In your copy, each line below is repeated exactly and no image appears.

*Supplied material:*
= = = = = = =
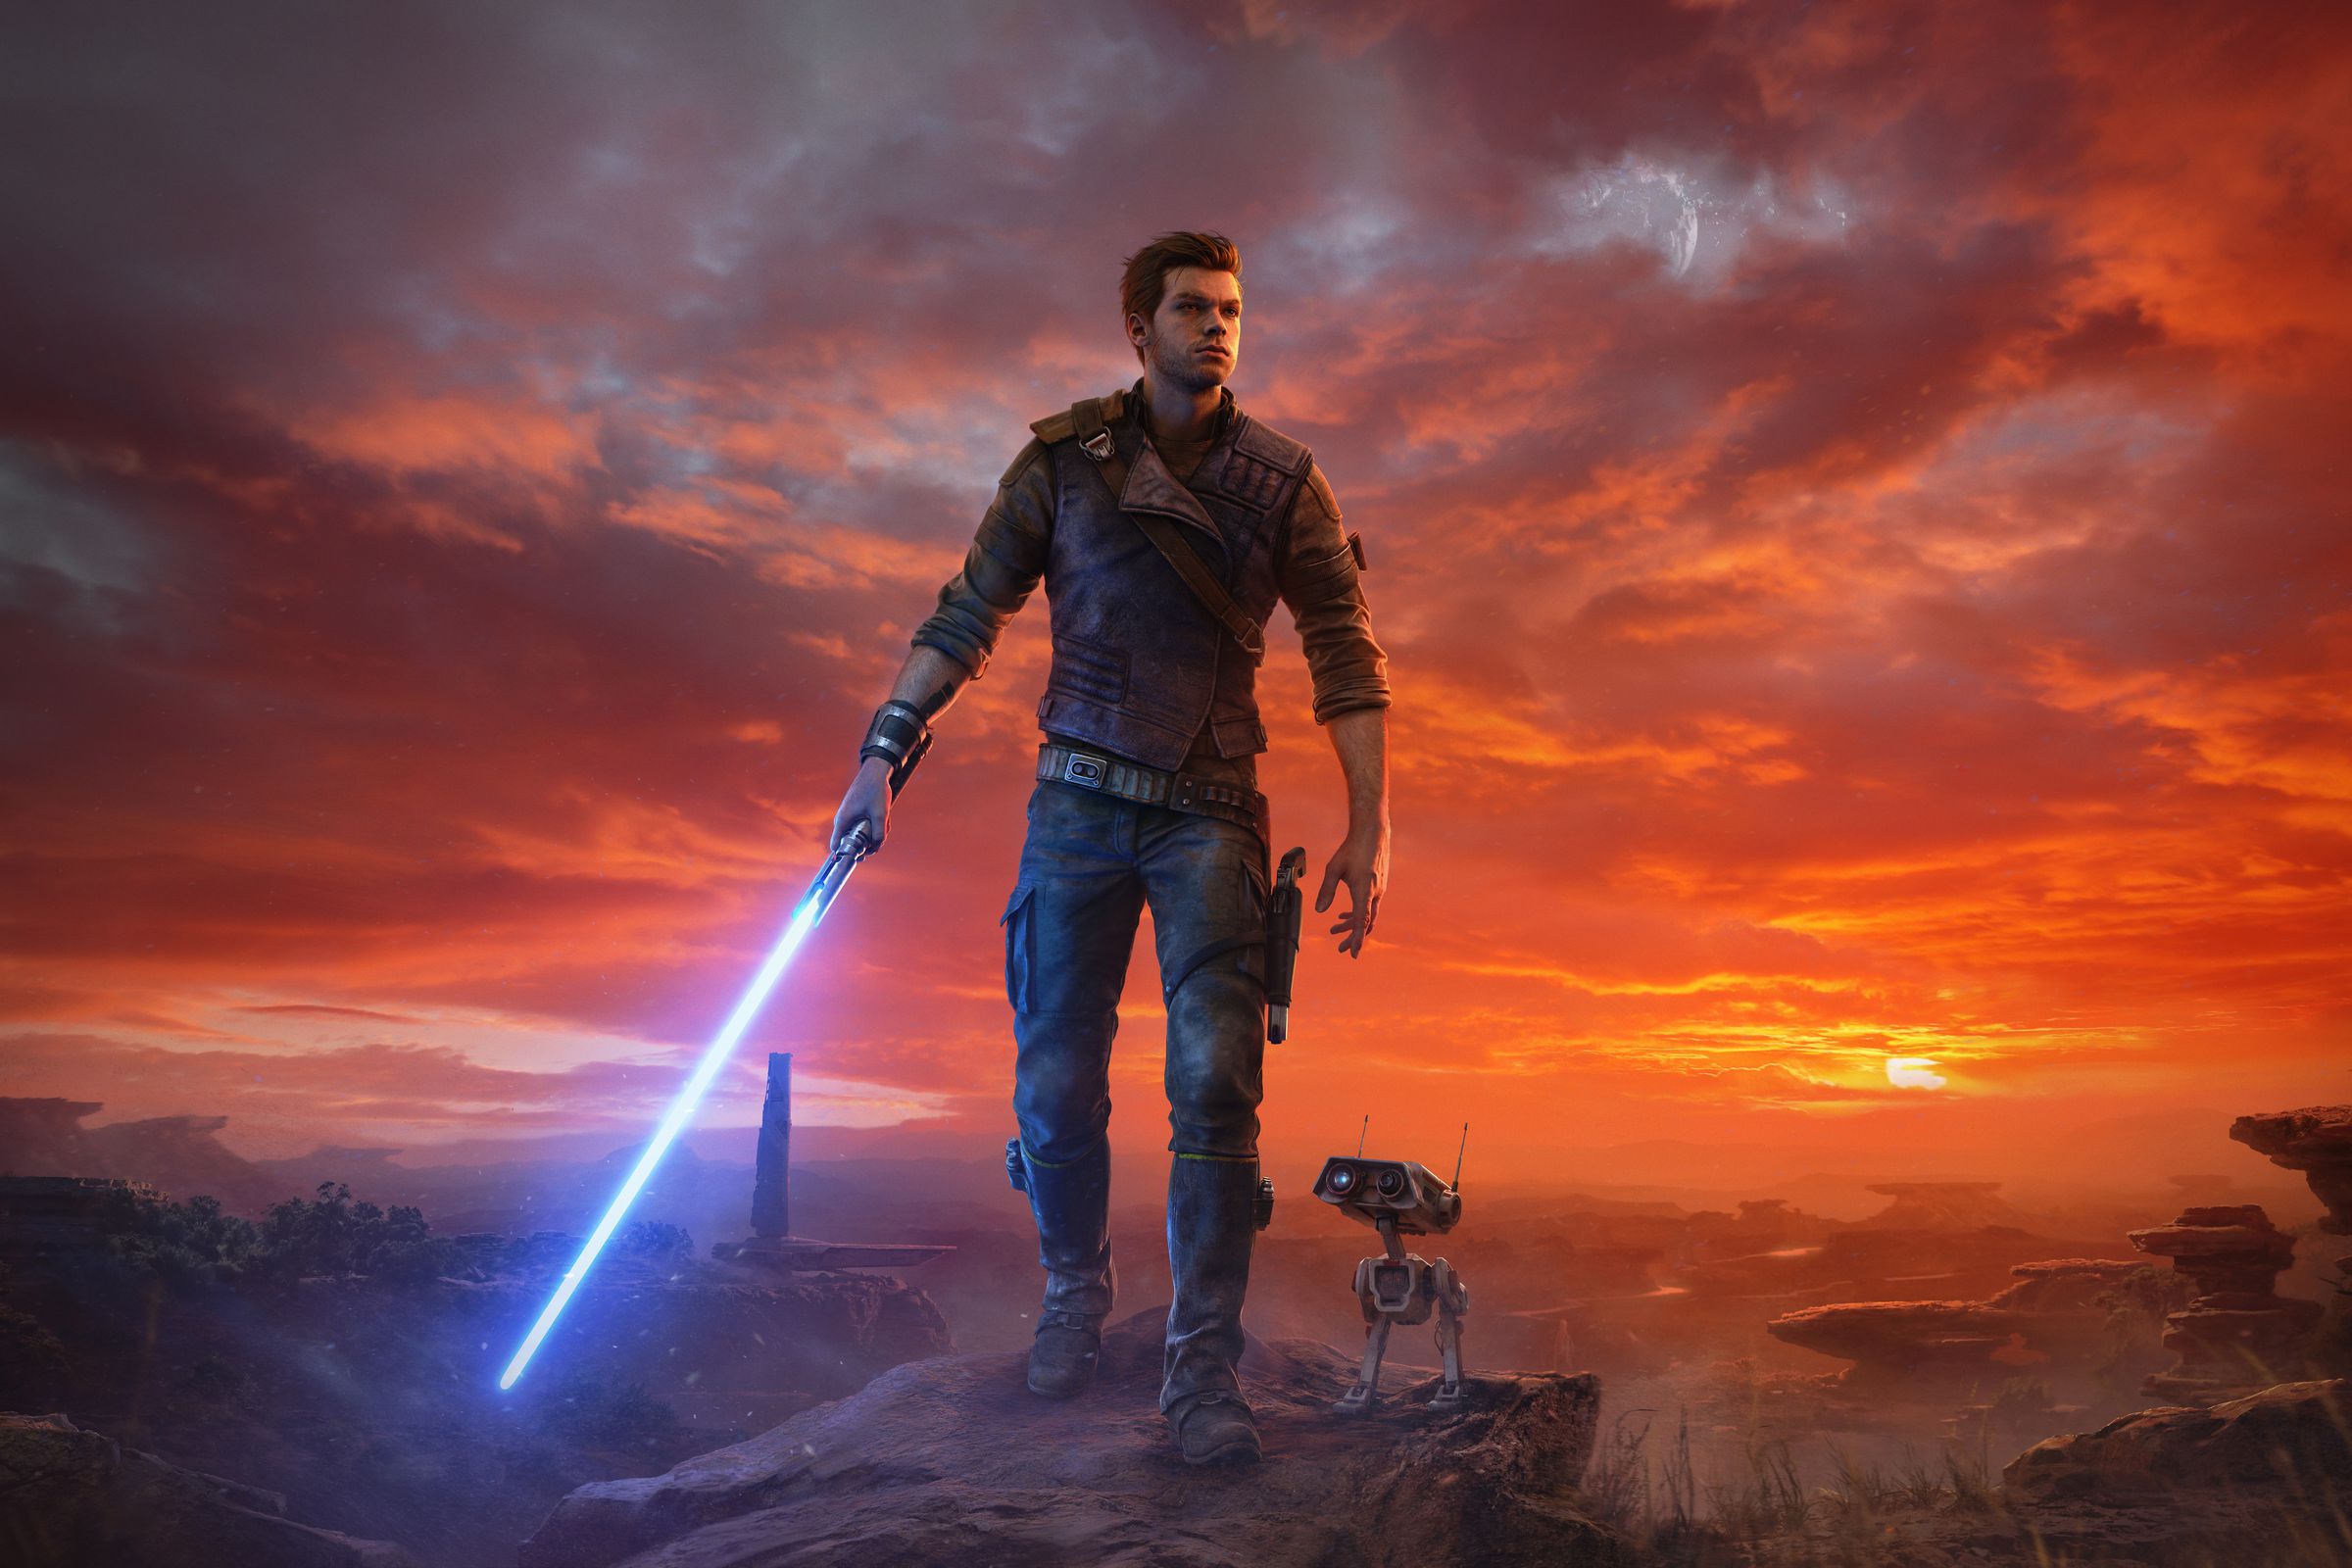 Das Cover für Star Wars Jedi: Survivor zeigt die Hauptfigur Cal Kestis und seinen Droiden BD-1 vor einer trostlosen Kulisse.
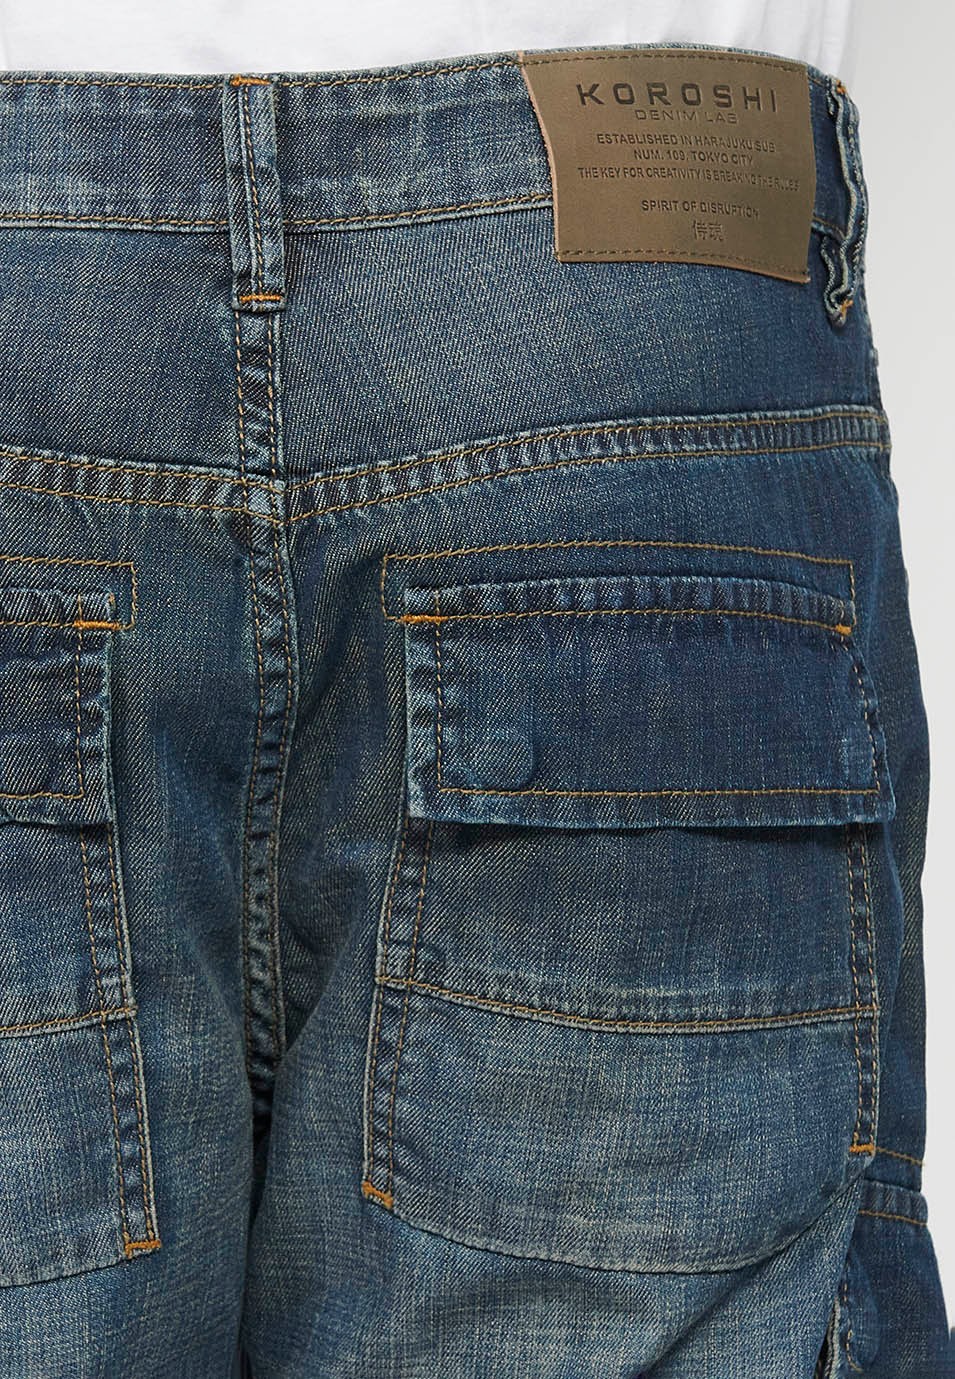 Pantalons càrrec llarg amb Tancament davanter amb cremallera i botó amb Butxaques laterals amb solapa de Color Blau Fosc per a Home 5
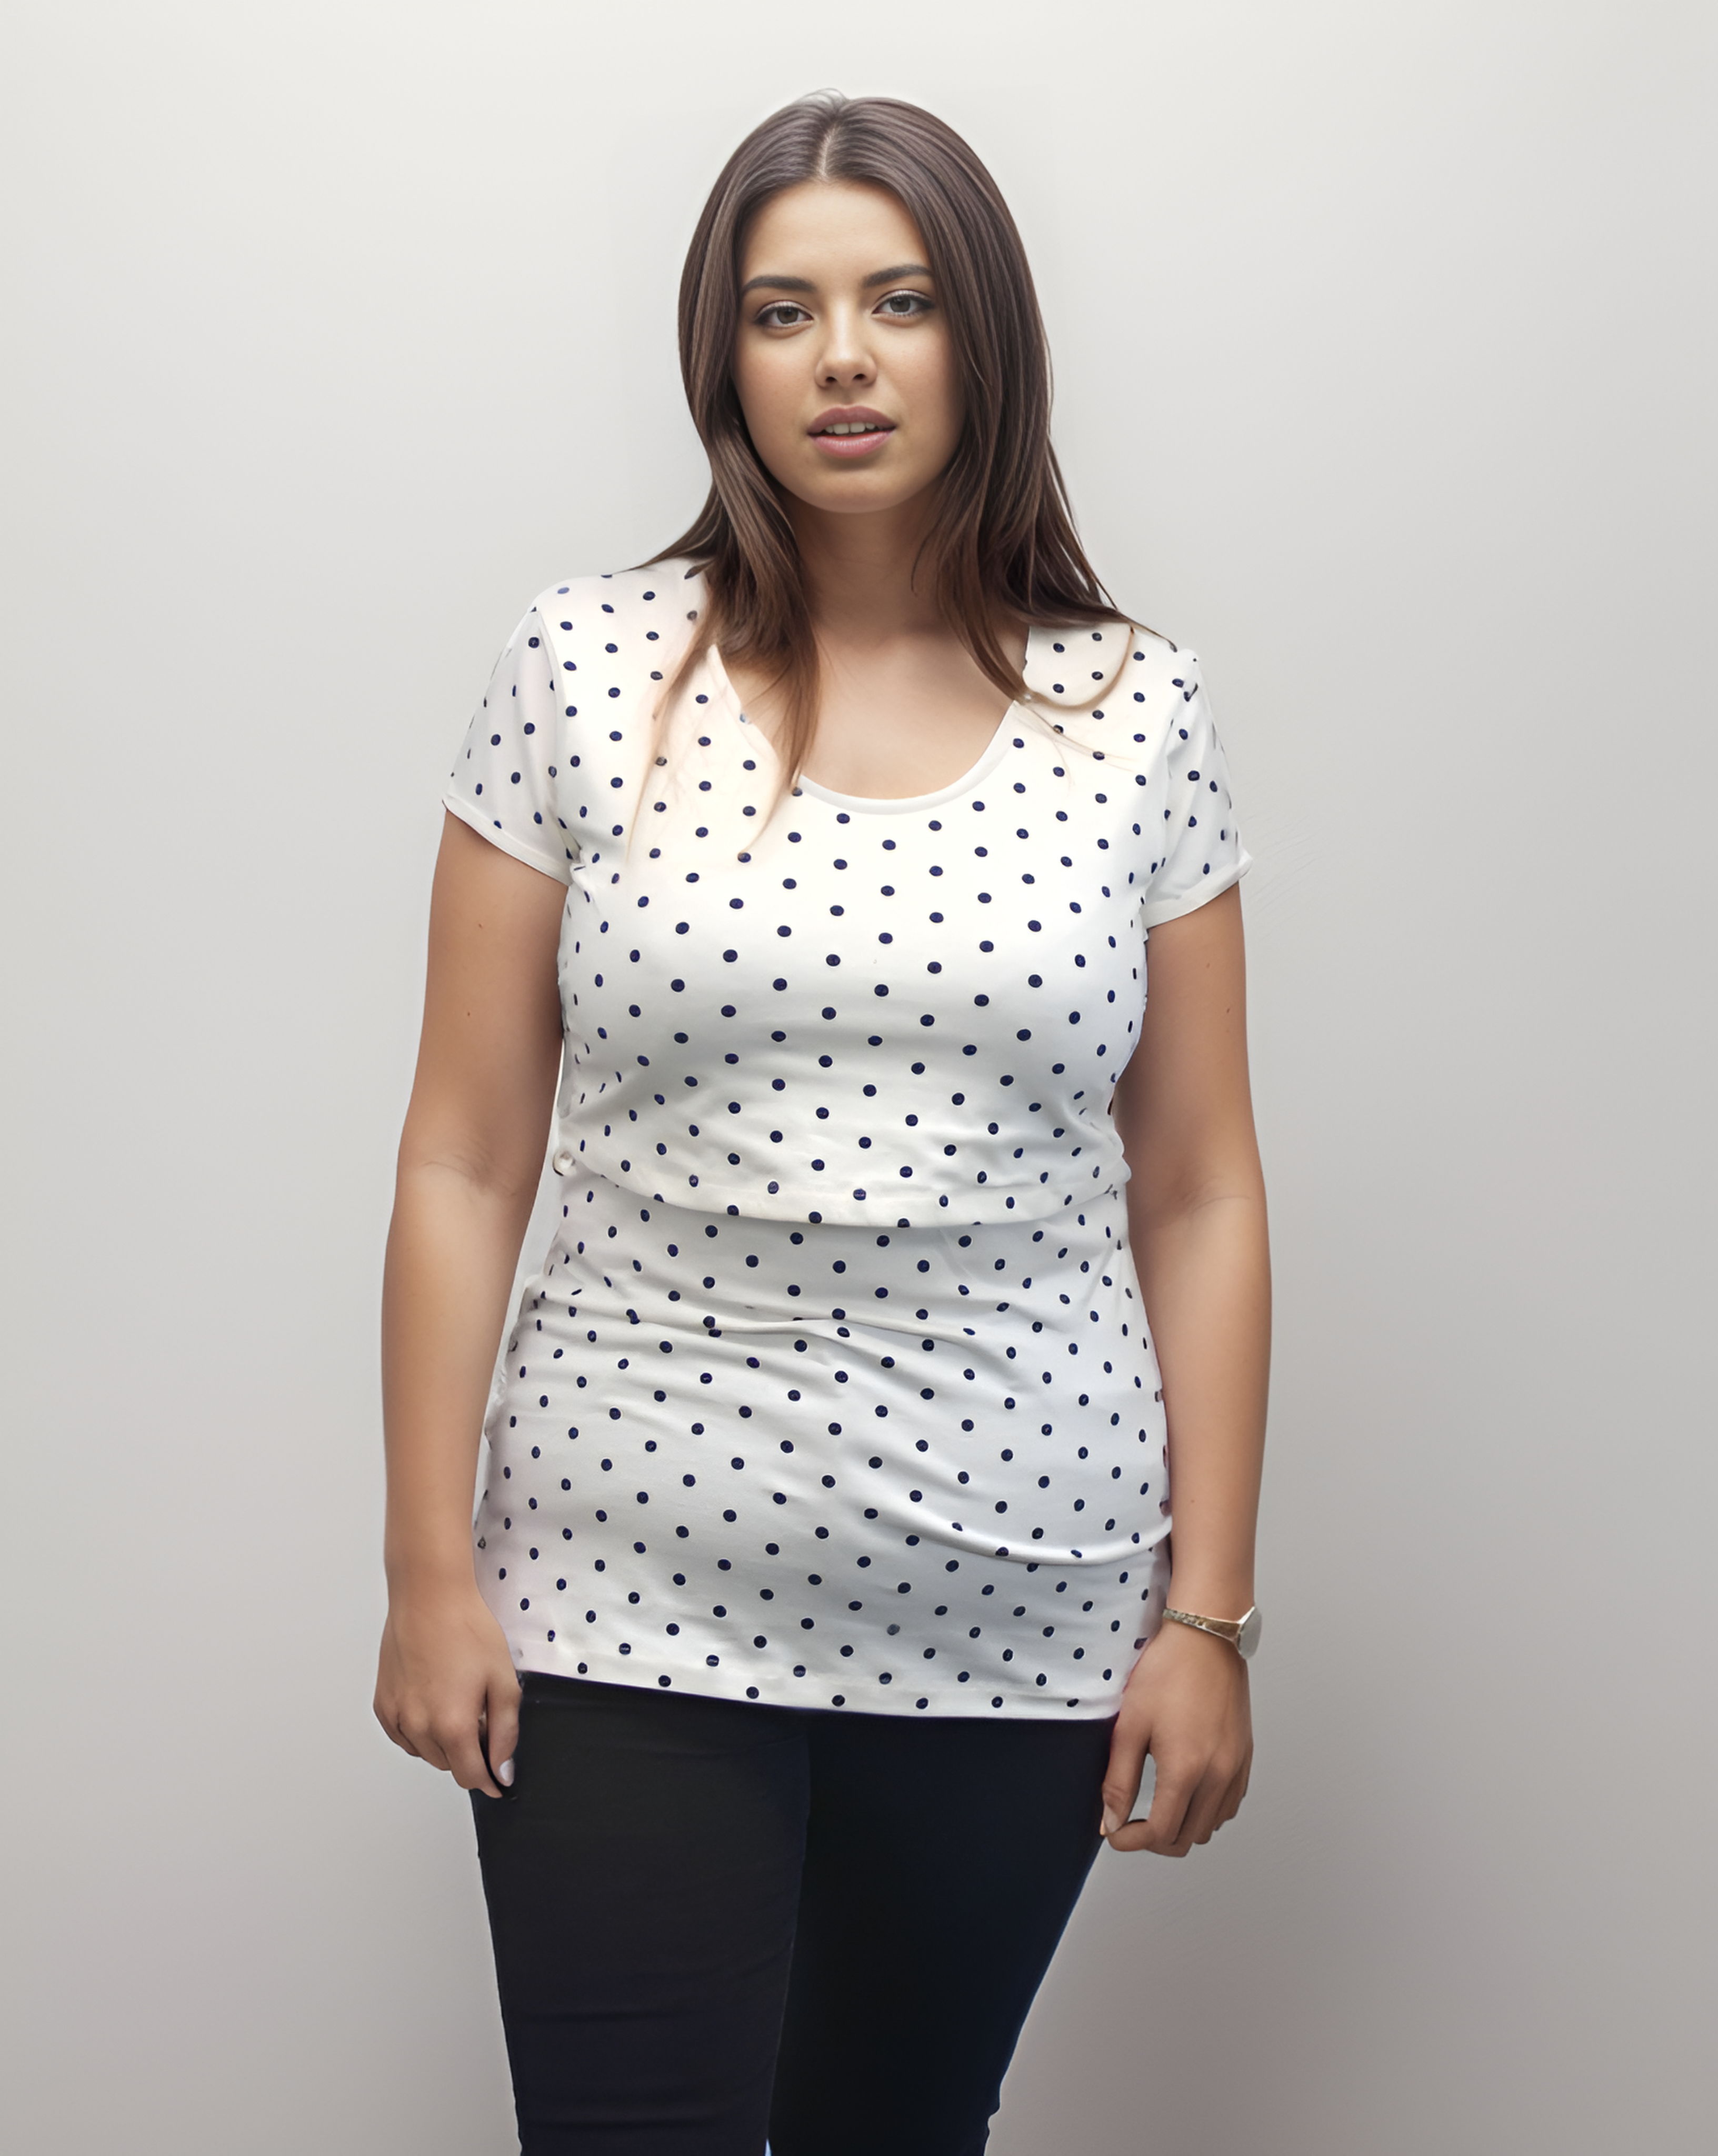 Bshirt Nursing Short Sleeve T-shirt in Cream & Black Spots
= = = = = = =
*Written answer:*
 Das Cover für Star Wars Jedi: Survivor zeigt die Hauptfigur Cal Kestis und seinen Droiden BD-1 vor einer trostlosen Kulisse.
 Pantalons càrrec llarg amb Tancament davanter amb cremallera i botó amb Butxaques laterals amb solapa de Color Blau Fosc per a Home 5
 Bshirt Nursing Short Sleeve T-shirt in Cream & Black Spots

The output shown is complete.